(Saved data entries)

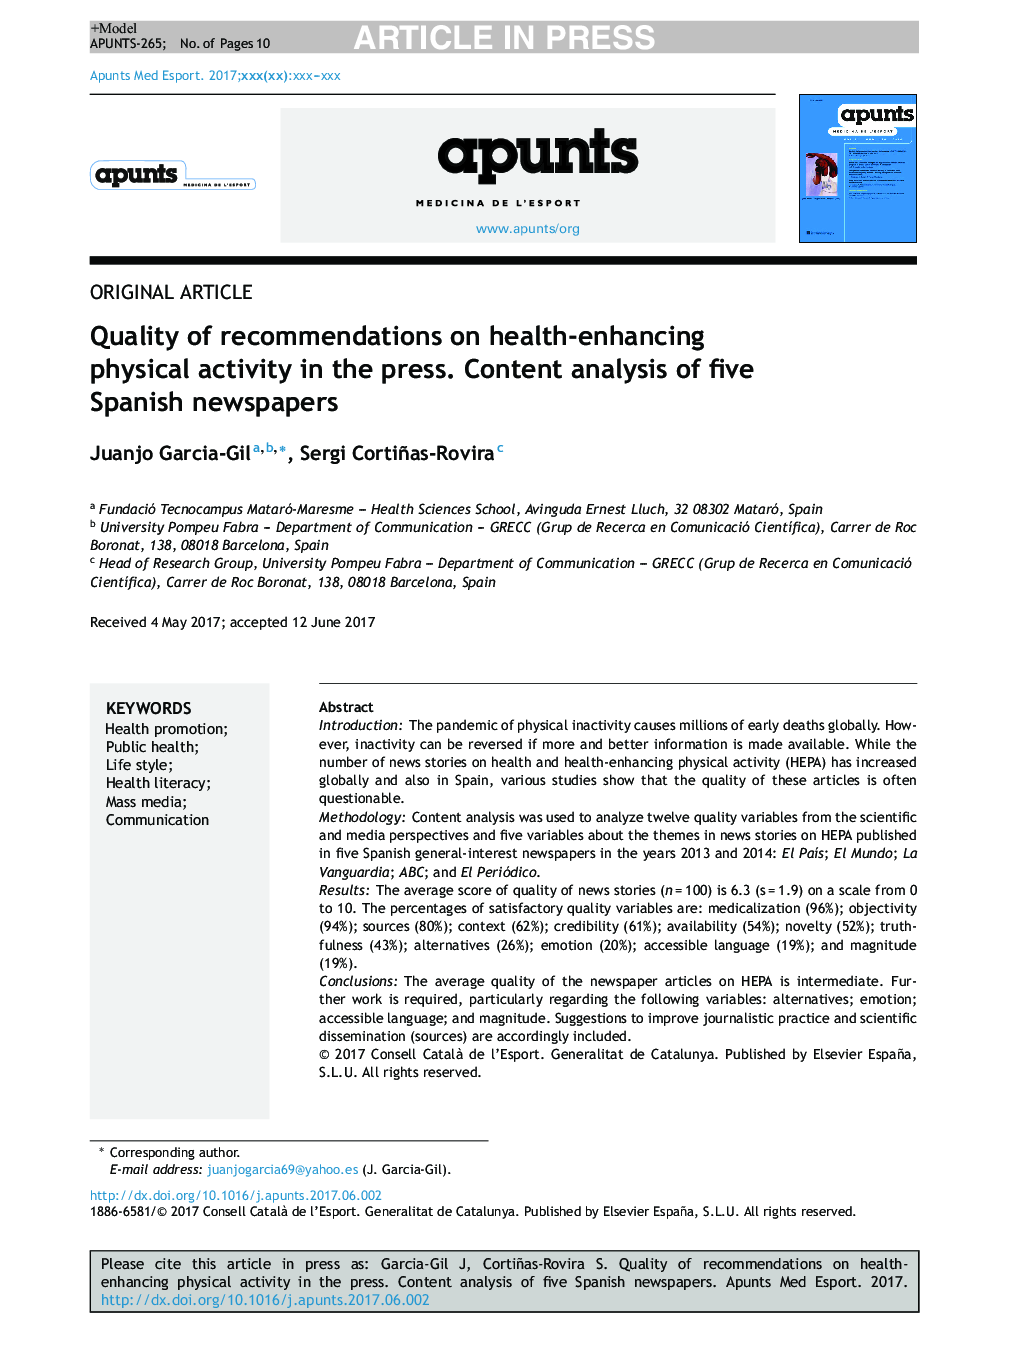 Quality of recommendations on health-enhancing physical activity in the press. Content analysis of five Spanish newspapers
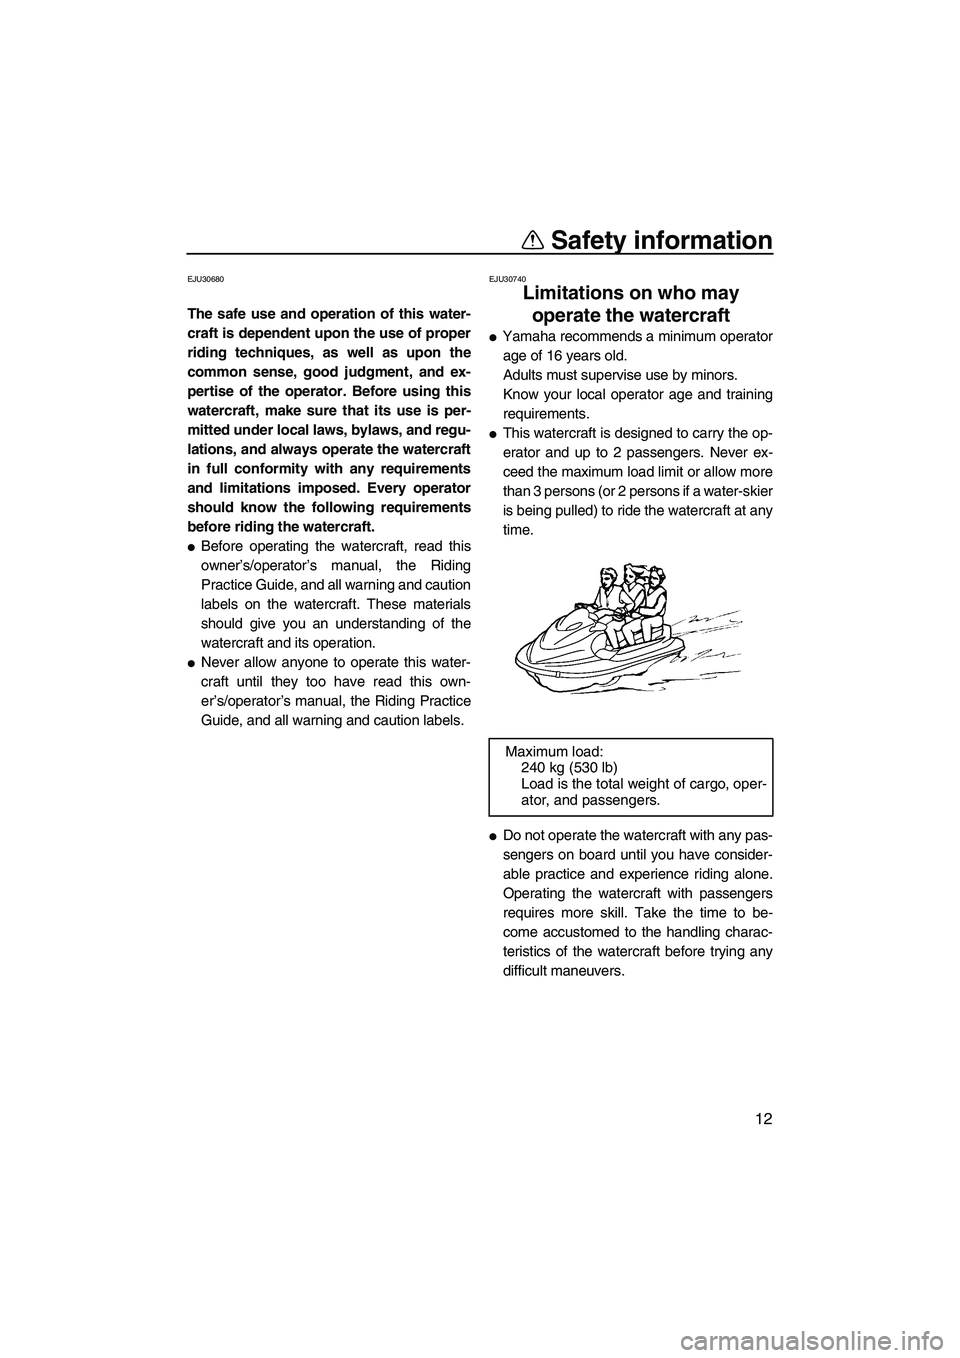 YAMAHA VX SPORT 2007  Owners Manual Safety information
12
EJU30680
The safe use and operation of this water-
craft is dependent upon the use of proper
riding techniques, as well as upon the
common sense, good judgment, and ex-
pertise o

* What is needed *
Once the line containing "The safe use" has been located, transcribe exactly and only every line from the first line of the entries through it, excluding pictures.

* Task answer *
 Quality of recommendations on health-enhancing physical activity in the press. Content analysis of five Spanish newspapers
 YAMAHA VX SPORT 2007  Owners Manual Safety information
12
EJU30680
The safe use and operation of this water-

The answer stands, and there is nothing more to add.